§ Exercise details:
Please write out all of the data below exactly, without including the pictures.

§ Raw data:

===============

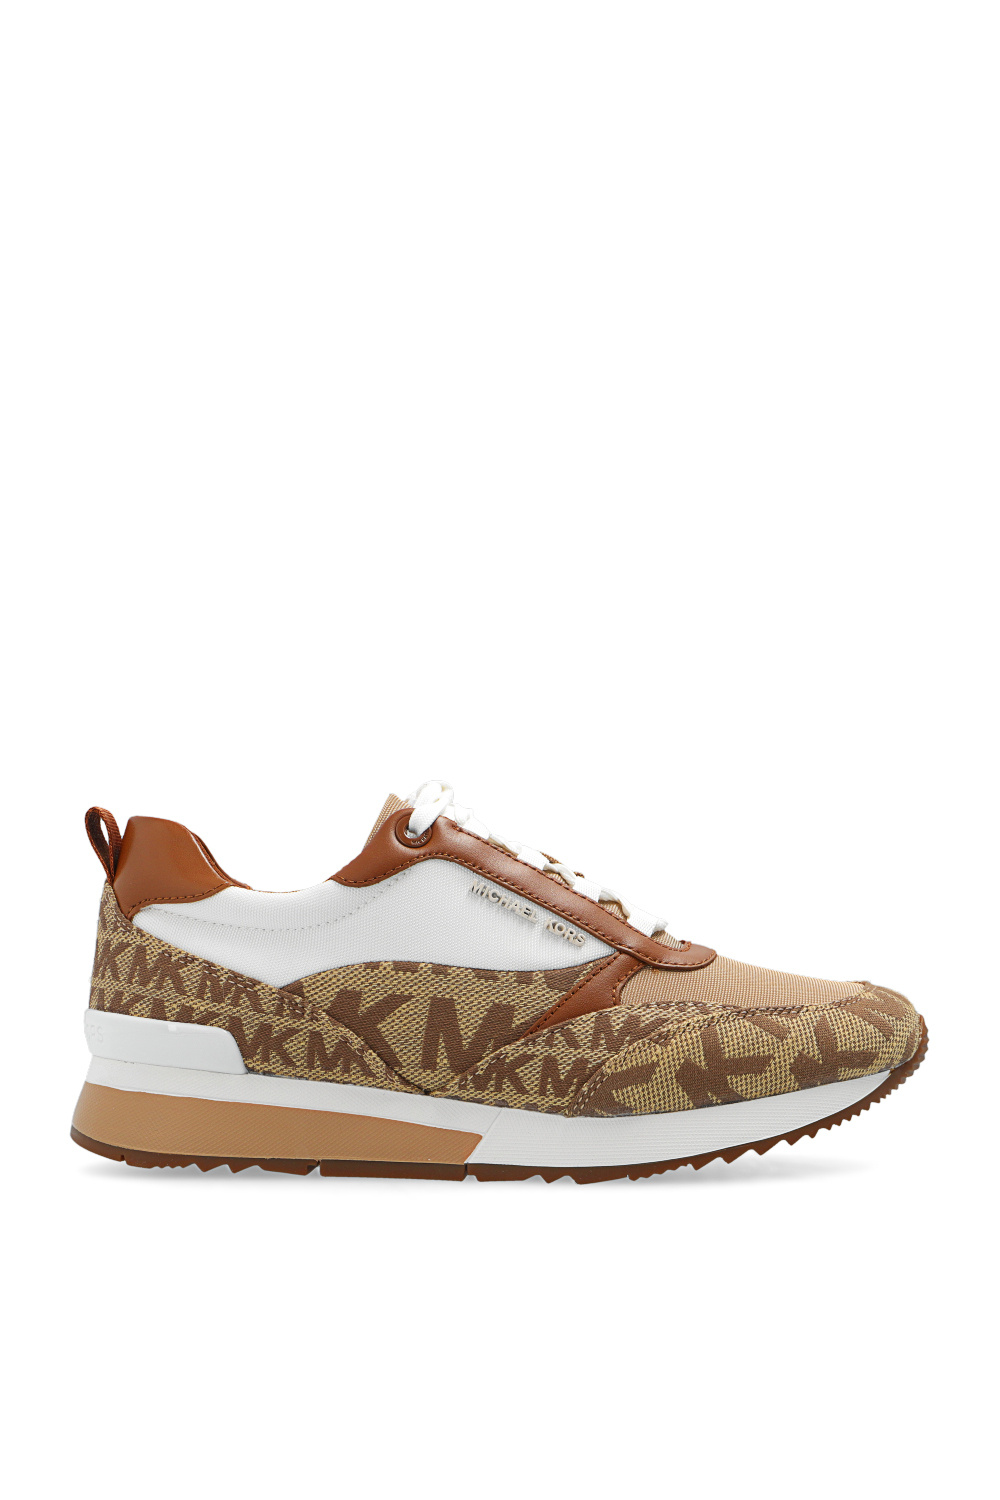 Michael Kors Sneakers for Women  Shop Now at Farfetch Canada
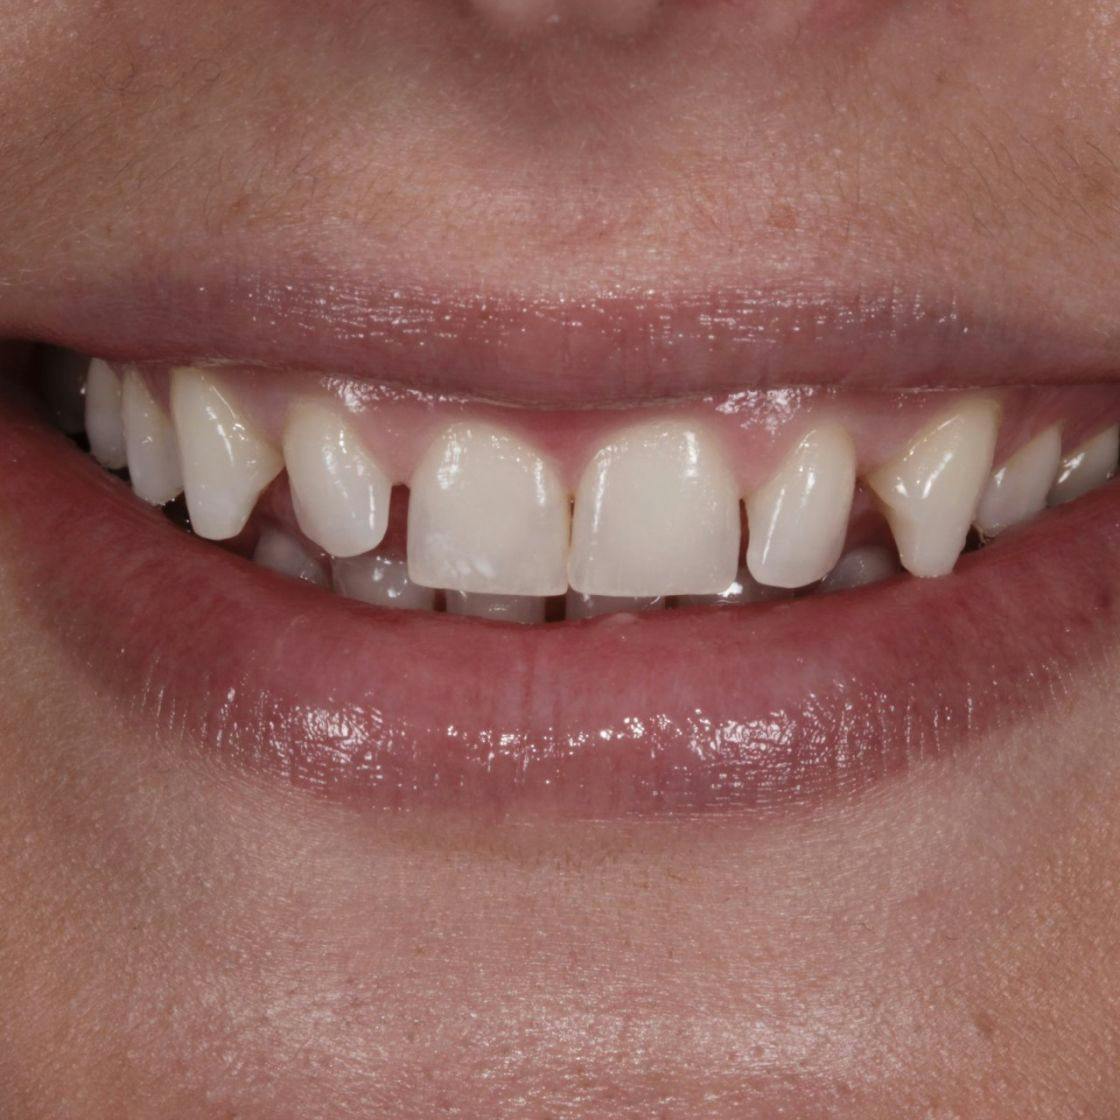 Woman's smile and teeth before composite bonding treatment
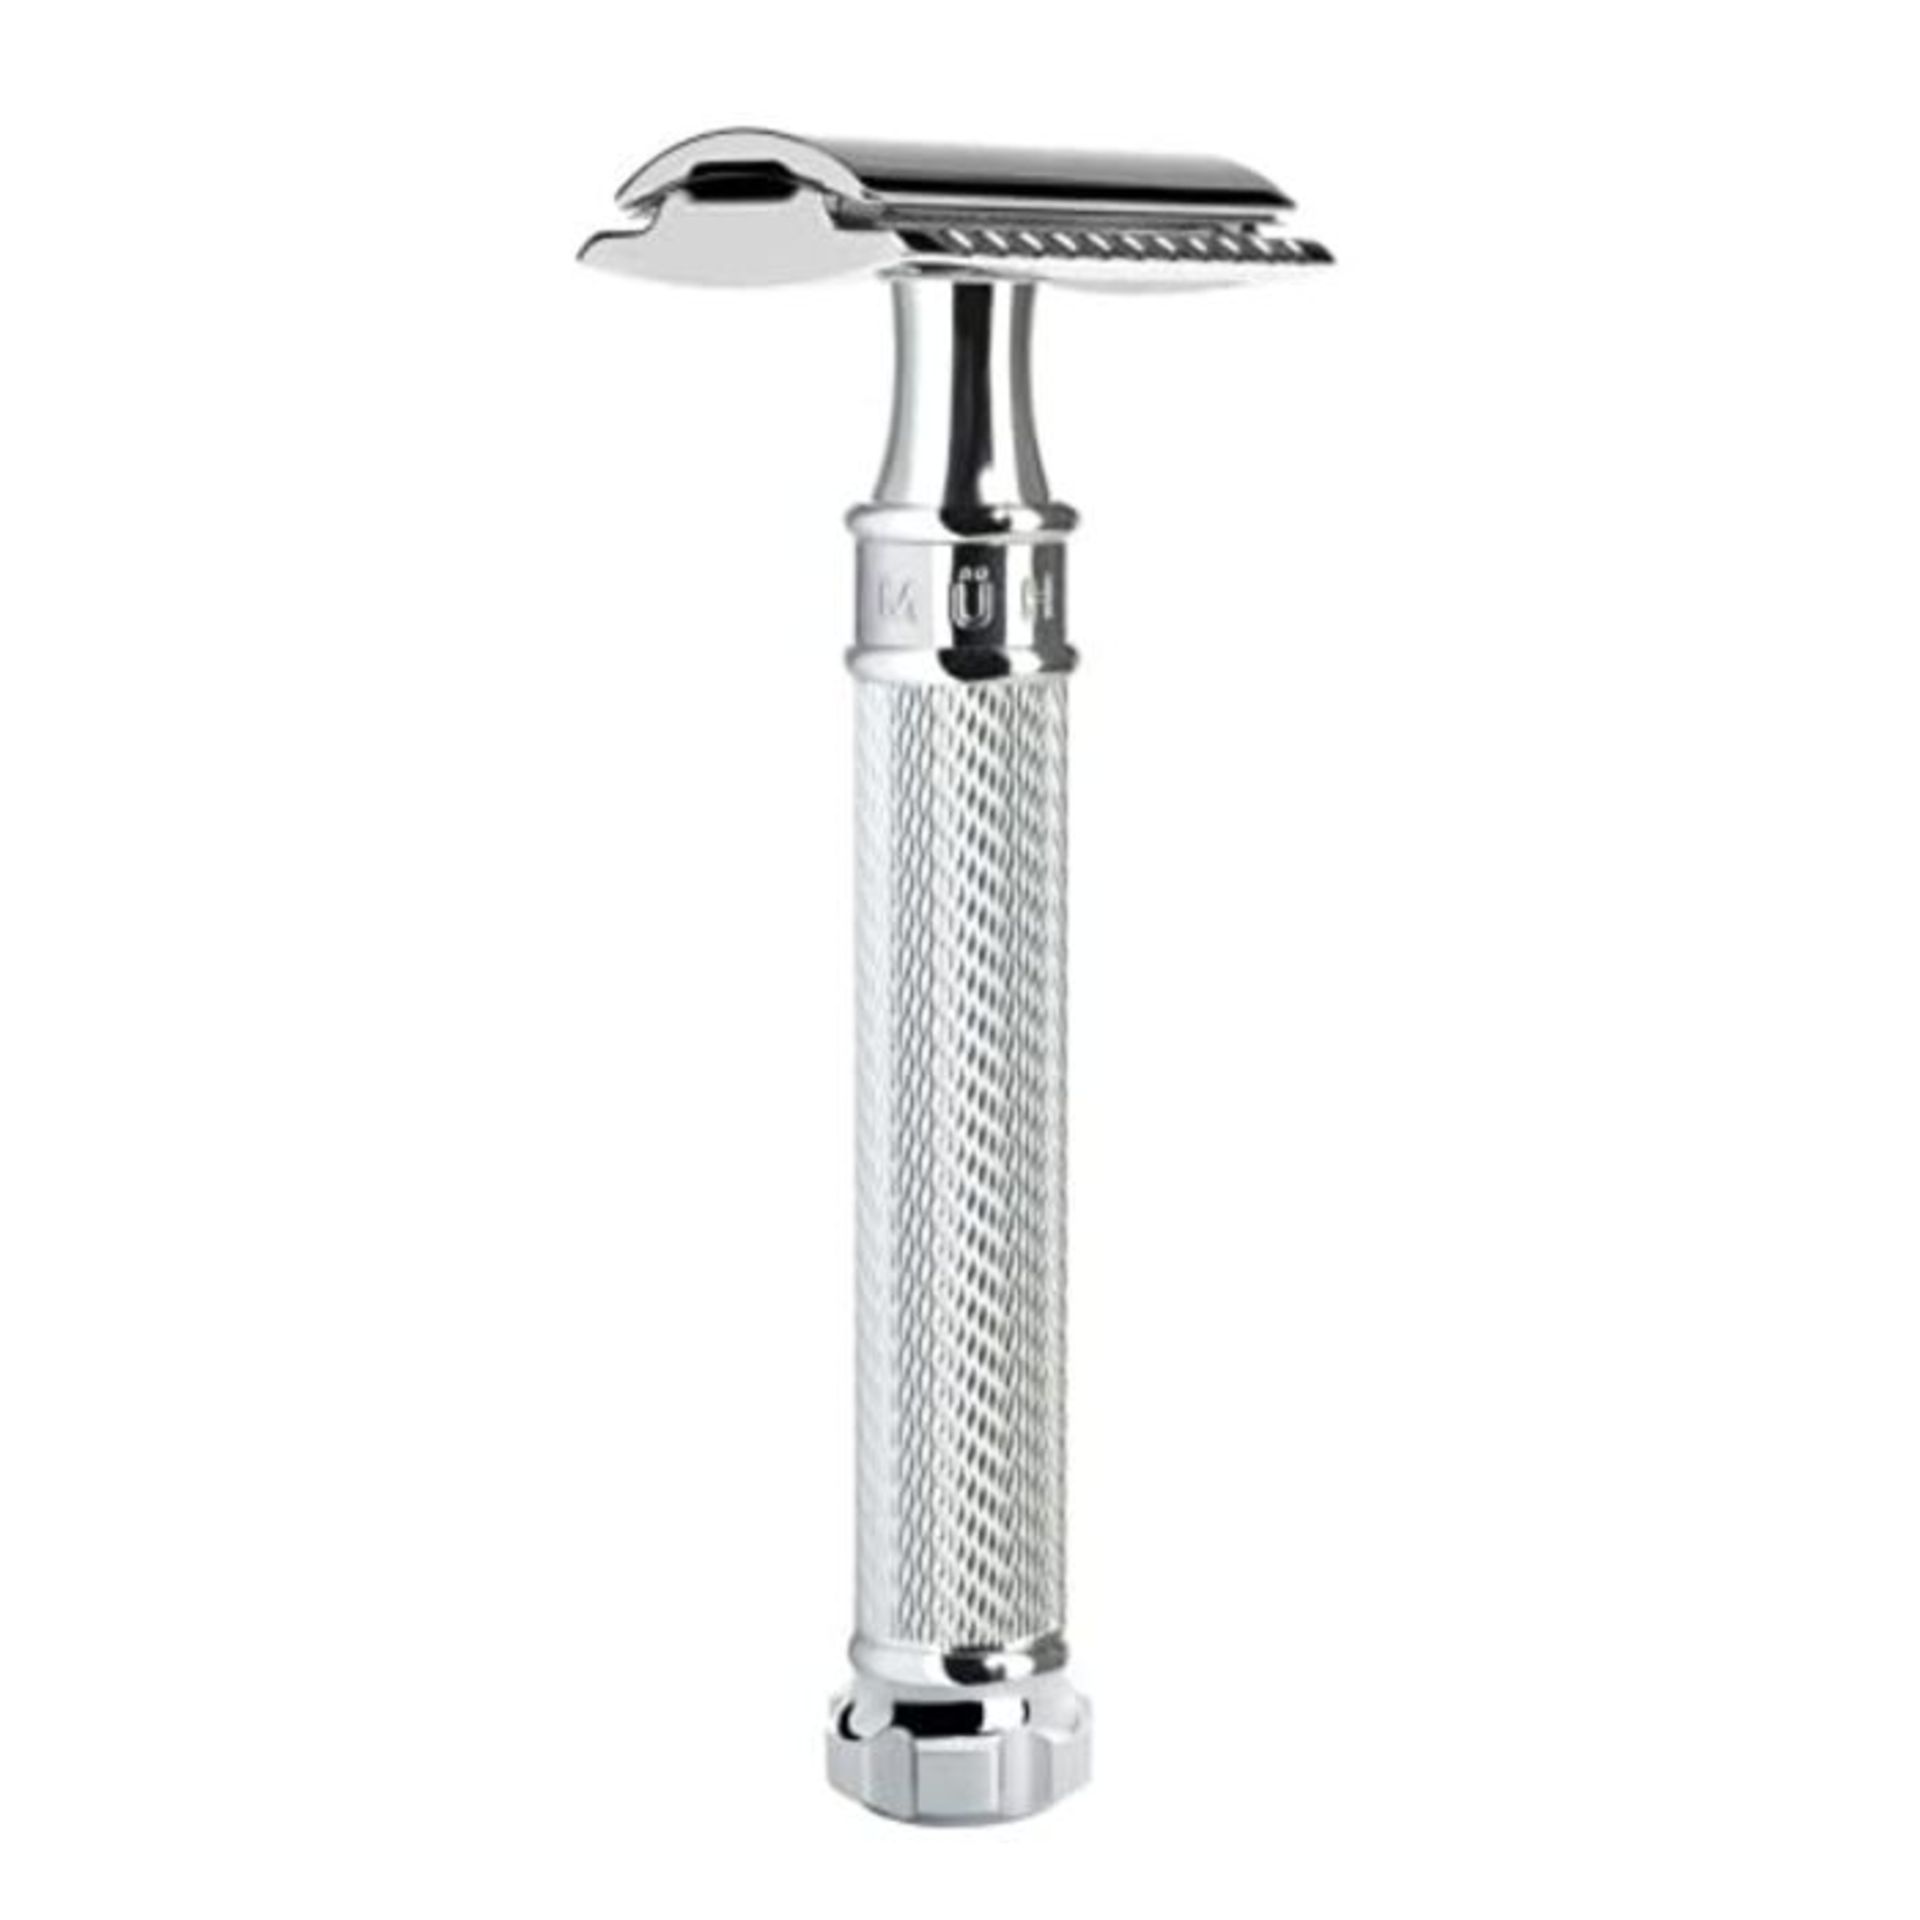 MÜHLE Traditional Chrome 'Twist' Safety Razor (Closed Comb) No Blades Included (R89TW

===============

§ Response for this exercise:
 Michael Kors Sneakers for Women  Shop Now at Farfetch Canada
 Woman's smile and teeth before composite bonding treatment
 MÜHLE Traditional Chrome 'Twist' Safety Razor (Closed Comb) No Blades Included (R89TW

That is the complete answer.